The analysis on the training data brings up several research issues that need to be addressed during the system development.
First, as Ortony
8 discussed, while some words (eg,
miserable,
painful) bear fairly unambiguous affective meaning, there are words that act only as
indirect reference to emotion states, depending on the contexts in which they appear. Interestingly, we also found that, even words with the same sense can often evoke different emotions in certain contexts. Consider, for example, the underlined affect word
forgive in the sentences (E1) and (E2). It evokes two different polarity emotions,
guilt and
forgiveness when it is followed by different pronouns. Therefore, detecting affective text needs to consider the neighboring context of the affect word.
E1:
E1. Tell him to
forgive
me if I ever treated him bad. [Emotion: guilt]
E2:
Tell him I
forgive
him for all my heart aches. [Emotion: forgiveness]

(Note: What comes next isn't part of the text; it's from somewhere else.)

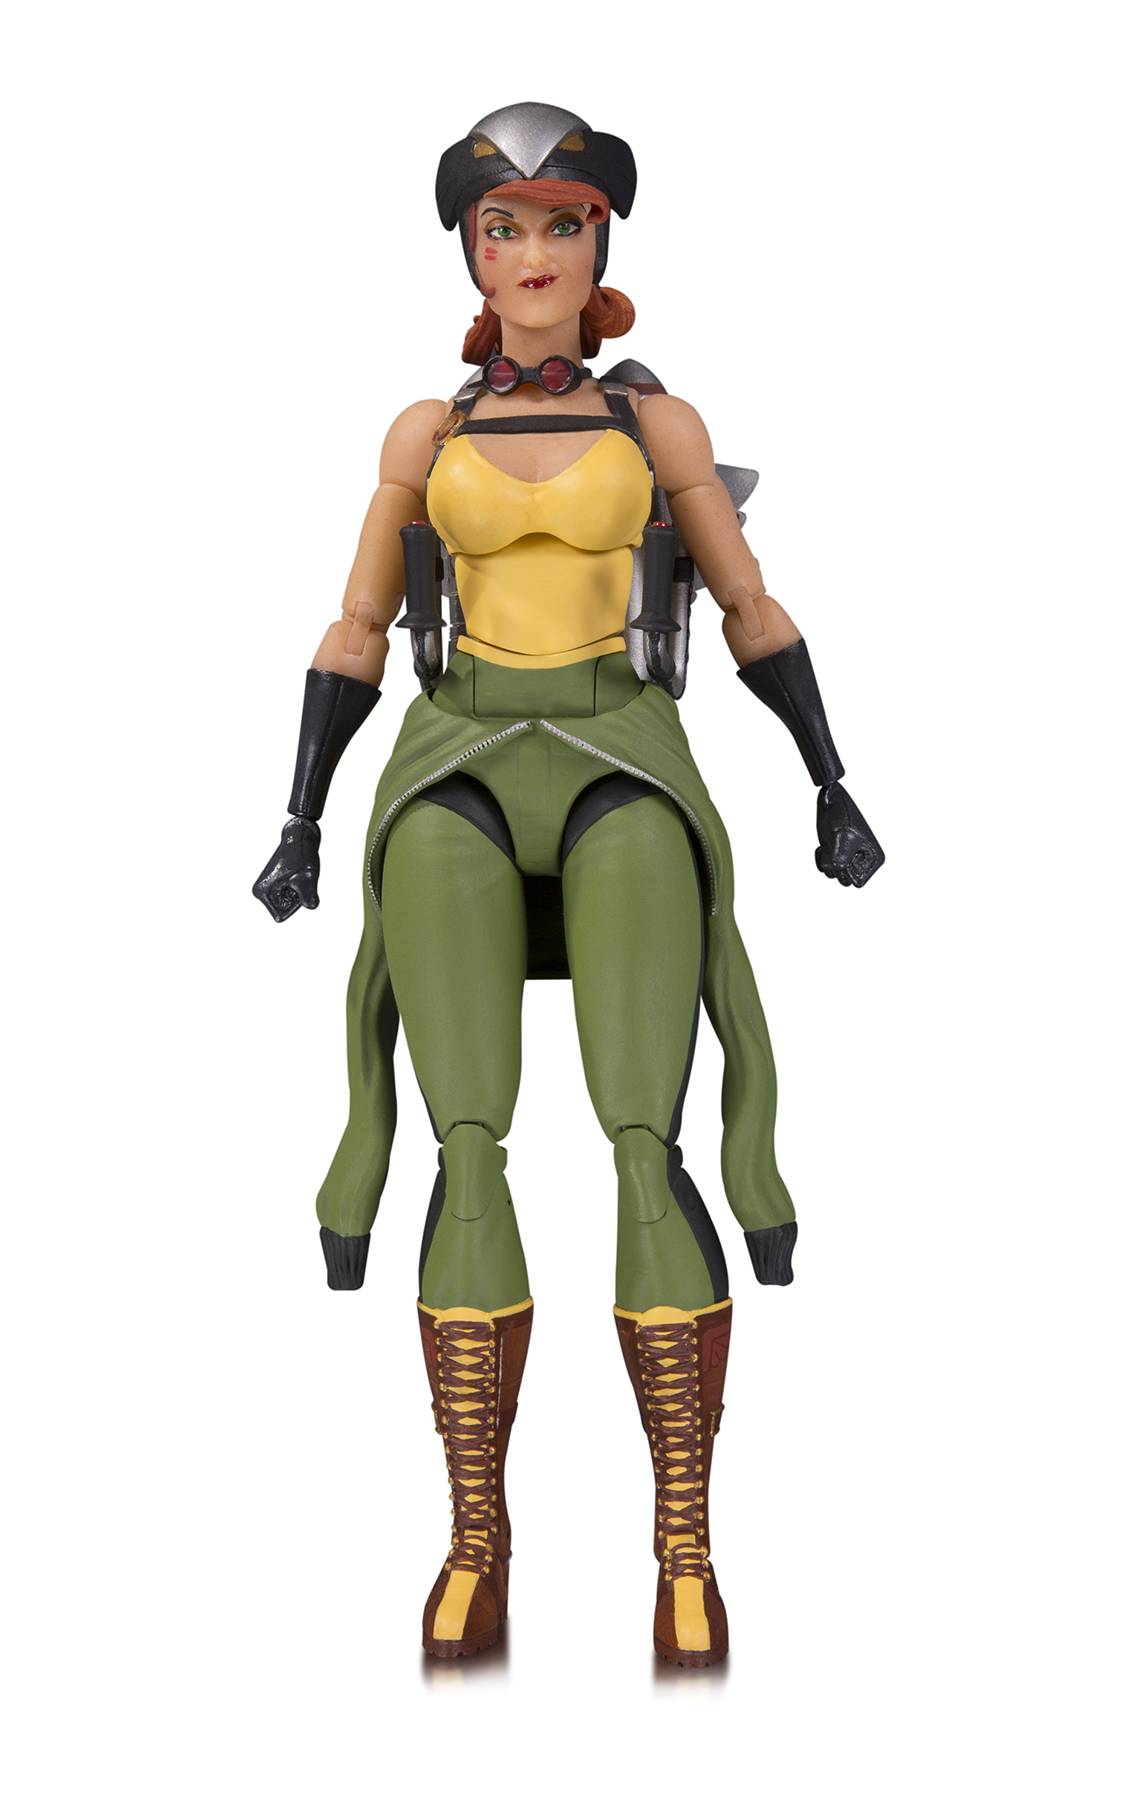 DC DESIGNER SERIES: DC BOMBSHELL HAWKGIRL ANT LUCIA | BD Cosmos

Second, although the sentiment of many sentences is indicated by the presence of affect words, quite a number of sentences do not contain such words but convey affect through the underlying meaning. An example (E3), which does not contain an expected affect word, is given below. Automatically detecting such pragmatic information is a hard challenge, and the language models that rely on surface features of the sentences are very weak in detecting this kind of sentences with implicit emotion expressions.
E3:
I don’t know where she put my clothes from my dresser. [Emotion: anger]
Third, as mentioned earlier, quite a number of sentences contain two or more emotion expressions. For example, in the sentence (E4), the first clause conveys a fear emotion through the verb phrase “afraid of”, but the second clause conveys a love emotion by the verb “love”. Because of the small number of multi-emotion instances, it is impractical to build multi-emotion classifiers to distinguish the multi-emotion sentences from the text. One feasible solution might be to build multiple binary classifiers, each of which is just targeted to one particular emotion. However, for a sentence-level binary emotion classifier, the text fragment depicting other emotions will become the noisy data, which is likely to degrade the accuracy of the classifier. Therefore, further fine-grained emotion analysis at the smaller text unit level (ie, emotion cues) is required. For example, emotion cues (eg, “I am afraid of you”, “I love you”) that convey affective meaning with respect to a particular emotion needed to be separately annotated from the sentences. The annotation of emotion cues is discussed in a later section.
E4:
It is just that I am
afraid of
you both at times, but I
love
you both very much. [Emotions: fear, love]
Fourth, we found that affective text of some emotions (eg, hopelessness) is sensitive to negation expressions. Certain phrases that contain negation words, eg, “cant go on”, “can’t stand”, and “can not take it any more”, intensify the emotion strength. Moreover, negation words sometimes can trigger the polarity shifting of an emotion, such as “I do not blame him”. Therefore, it is necessary to incorporate negation detection into the identification of emotion expressions.
Fifth, while machine learning-based models may be capable of effectively classifying the emotions (eg, love, hopelessness, guilt, etc.) with a sufficient number of training instances, they do not work well on the emotions that have few training examples (eg, forgiveness, abuse, pride, etc.). With the help of a pre-compiled emotion lexicon, a keyword spotting approach with a weighted score function may provide an alternative solution to the problem of scarce training samples in emotion classification.